Kira referandumunun kısa yazı, kira hareketinin zirvesi olarak ancak belli bir mesafeyle ortaya çıktı ve bu dönemde hareket en fazla baskıyı uyguladı. Bu baskı, uzlaşmanın ötesine geçti: Friedrichshain-Kreuzberg, 2016'da ilk reddetme hakkını devreye sokmaya başladı ve referandum olmasa bile, Eylül 2016'daki eyalet seçimlerine kira krizi damga vurdu. CDU yüzde beş kaybetti, aynı derecede gergin olan SPD taraf değiştirdi ve kırmızı-kırmızı-yeşil koalisyonu eyalet hükümetini devraldı. Yeniden birleşmeden bu yana neredeyse sürekli olarak SPD tarafından yönetilen Senato Kentsel Kalkınma Departmanı, ilk kez Sol Parti'ye geçti. Havada bir iyimserlik havası vardı, ancak kira krizinin yorumu yine partilerin elindeydi. Kira hareketinin ortak bir projesi yoktu. Bu durgunluk ancak 2018 baharında aşıldı; "kira çılgınlığına" karşı yeni bir gösteri ittifakı on binden fazla insanı bir araya getirerek kira sorununu tekrar gündeme getirdi. Kısa bir süre sonra bir halef daha ortaya çıktı: "Deutsche Wohnen & Co'yu Kamulaştırma" girişimi, Nisan 2018'de yeni bir referandum için ilk planları duyurdu.

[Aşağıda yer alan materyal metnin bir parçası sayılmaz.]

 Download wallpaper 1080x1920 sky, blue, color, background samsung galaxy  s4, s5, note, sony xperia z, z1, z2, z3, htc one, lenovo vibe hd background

Kamulaştırmaya giden yolİlk kira referandumunun birkaç kilit oyuncusu da yeni bir girişimin kurucu kadrosunda yer aldı. Reel politika ile cepheden saldırının, mahalle protestoları ile merkezi bir kampanyanın birleşiminin sürdürülmesi gereken bir siyasi işleyiş biçimi olduğu konusunda fikir birliği vardı. Ayrıca, kamu konut şirketleriyle yaşanan çatışmanın ardından özel ev sahiplerine karşı bir kampanyanın gerekliliği konusunda da fikir birliği vardı. İki yıllık bir anlam arayışının doruk noktası, büyük konut şirketlerinin mülklerinin kamulaştırılması için kampanya yürüten "Alman Evlerini Kamulaştırın ve Şirketleri" (DWE) projesiydi.

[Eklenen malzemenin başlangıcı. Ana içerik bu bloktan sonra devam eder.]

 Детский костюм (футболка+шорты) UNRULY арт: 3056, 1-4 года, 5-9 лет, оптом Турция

Kira referandumunun birçok unsuru yansıtıldı: konutun ortak mülk olması, kamu hukuku kurumu fikri ve hatta girişimin genel kurul ve koordinasyon komitesinden oluşan örgütsel yapısı. Hazırlıksız yakalanmanın travması da yansıtıldı: DWE, kuruluş aşamasında bile iktidarla müzakere kurallarını formüle etti. Eyalet hükümetiyle müzakereleri bireyler veya koordinasyon komitesi değil, seçilmiş delegasyonlar yönetti. Her müzakere durumunda, içerik ve zaman açısından sınırlı bir yetkiyle yeniden seçildiler. Müzakere sonuçları ve gelecekteki gidişat hakkındaki kararlar, tüm aktivistlerin katılacağı genel kurul toplantısında alınacak.
Yeni yapı, sosyalleşme konusunda anında başarıya ulaşmasa da, yedi yıldır mücadele eden ve şu anda sosyalleşme konusunda ikinci bir referandum üzerinde çalışan girişimin azminin sebeplerinden biri. Ancak 2021'in aksine, plan siyasi bir çözüm önerisi değil, kapsamlı bir yasa önerisi sunmak. Referandumun başarılı olması durumunda, şirketin halihazırda sahip olduğu konut hisselerinin sosyalleştirilmesi, Senato onayı olmasa bile derhal yürürlüğe girecek.